Dne 11. 04. 22 v 0:03 Demi Marie Obenour napsal(a):
> For quite a while, I have wanted to write a tool to manage thin volumes
> that is not based on LVM.  The main thing holding me back is that the
> current dm-thin interface is extremely error-prone.  The only per-thin
> metadata stored by the kernel is a 24-bit thin ID, and userspace must
> take great care to keep that ID in sync with its own metadata.  Failure
> to do so results in data loss, data corruption, or even security
> vulnerabilities.  Furthermore, having to suspend a thin volume before
> one can take a snapshot of it creates a critical section during which
> userspace must be very careful, as I/O or a crash can lead to deadlock.
> I believe both of these problems can be solved without overly
> complicating the kernel implementation.

Hi

These things are coming with initial design of whole DM world - where there is 
a split of complexity between kernel & user-space. So projects like btrfs, 
ZFS, decided to go the other way and create a monolithic 'all-in-one' 
solution, where they avoid some problems related with communication between 
kernel & user-space - but at the price of having a pretty complicated and very 
hard to devel & debug  kernel code.

So let me explain one of the reasons, we have this logic with suspend is this 
basic principle:

write new lvm metadata ->  suspend (with all table preloads) ->  commit  new 
lvm2 metadata -> resume

with this we ensure the user space maintain the only valid 'view' of metadata.
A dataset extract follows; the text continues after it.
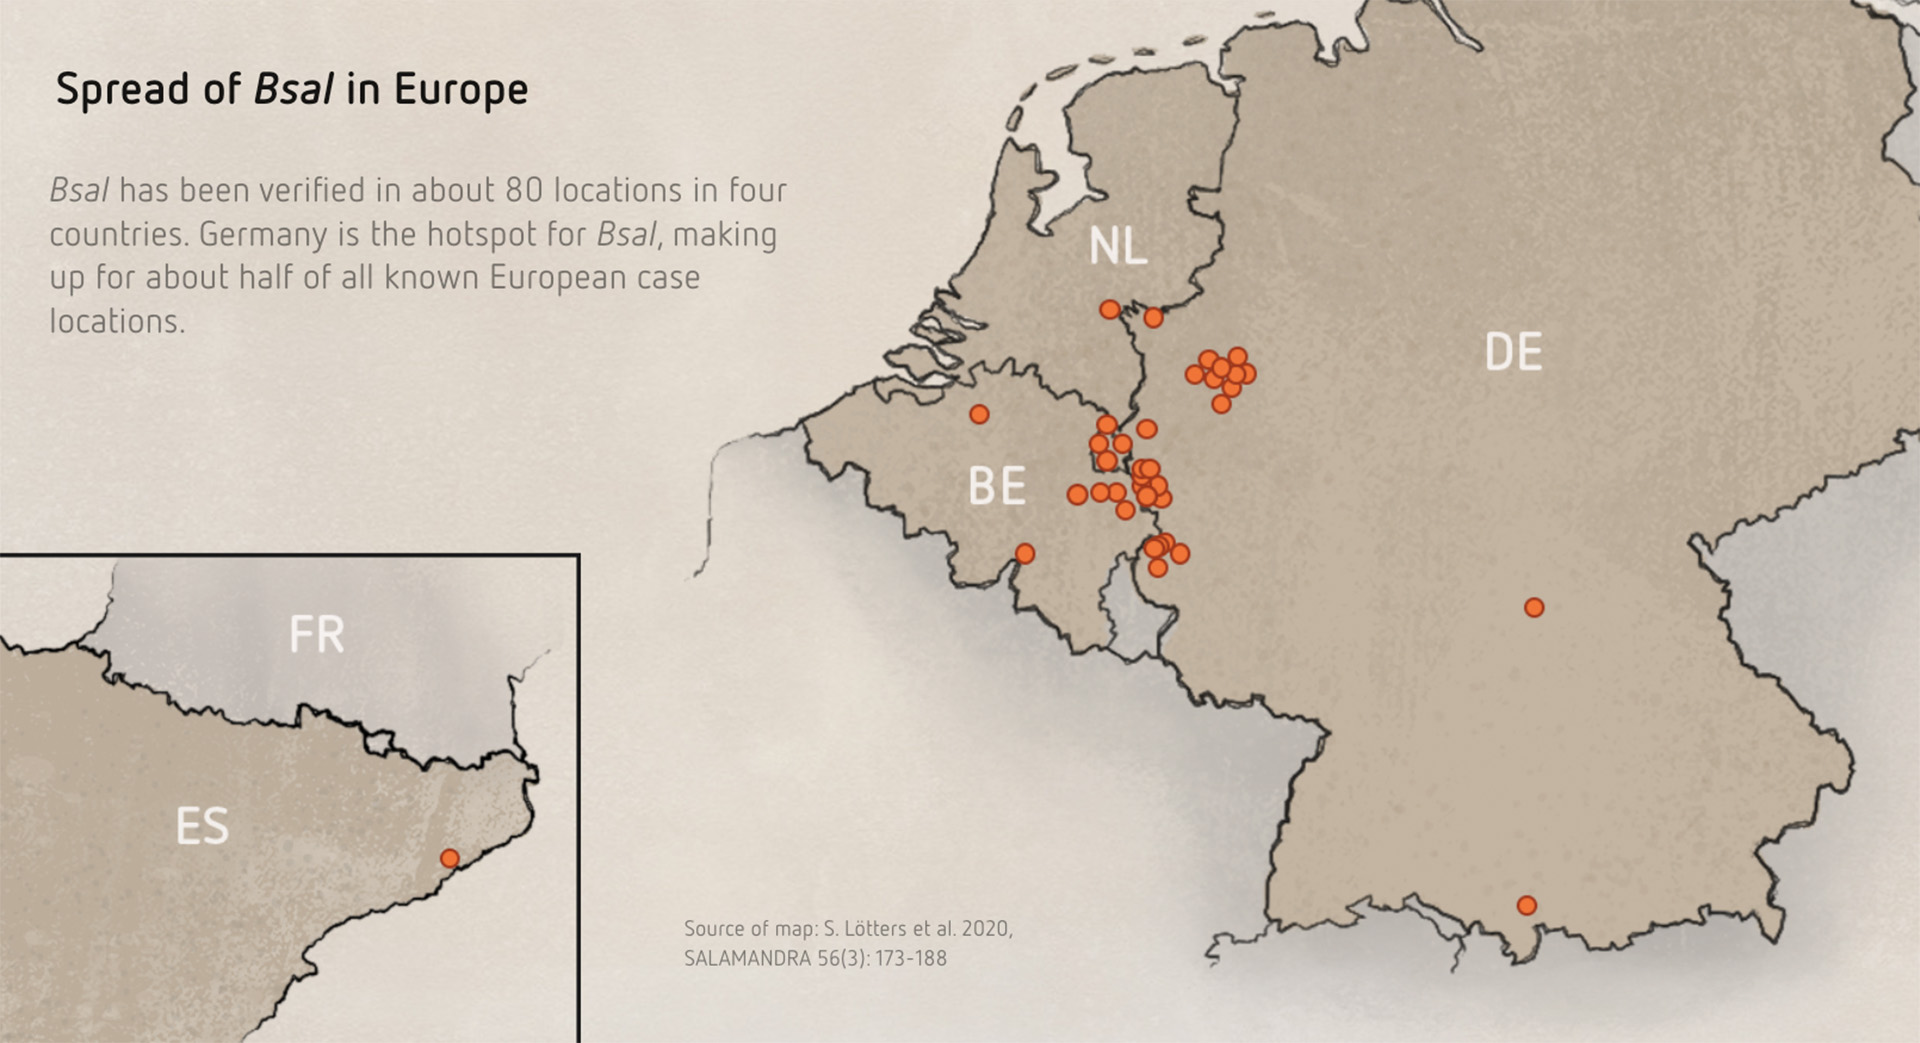 A graphic showing the spread of Bsal in Europe, the fungus that threatens the fire salamander.

Your proposal actually breaks this sequence and would move things to the state 
of  'guess at which states we are now'. (and IMHO presents much more risk than 
virtual problem with suspend from user-space - which is only a problem if you 
are using suspended device as 'swap' and 'rootfs' - so there are very easy 
ways how to orchestrate your LVs to avoid such problems).

Basically you are essentially wanting to move whole management into kernel for 
some not so great speed gains (related to the rest of the running system (and 
you can certainly do that by writing your own kernel module to manage your 
ratehr unique software problem)

But IMHO creation and removal of thousands of devices in very short period of 
time rather suggest there is something sub-optimal in your original software 
design as I'm really having hard time imagining why would you need this ?

If you wish to operate lots of devices - keep them simply created and ready - 
and eventually blkdiscard them for next device reuse.

I'm also unsure from where would arise any special need to instantiate  that 
many snapshots -  if there is some valid & logical purpose -   lvm2 can have 
extended user space API to create multiple snapshots at once maybe (so i.e.    
create  10 snapshots   with      name-%d  of a single thinLV)

Not to mentioning operating that many thin volumes from a single thin-pool is 
also nothing close to high performance goal you try to reach...

Regards

Zdenek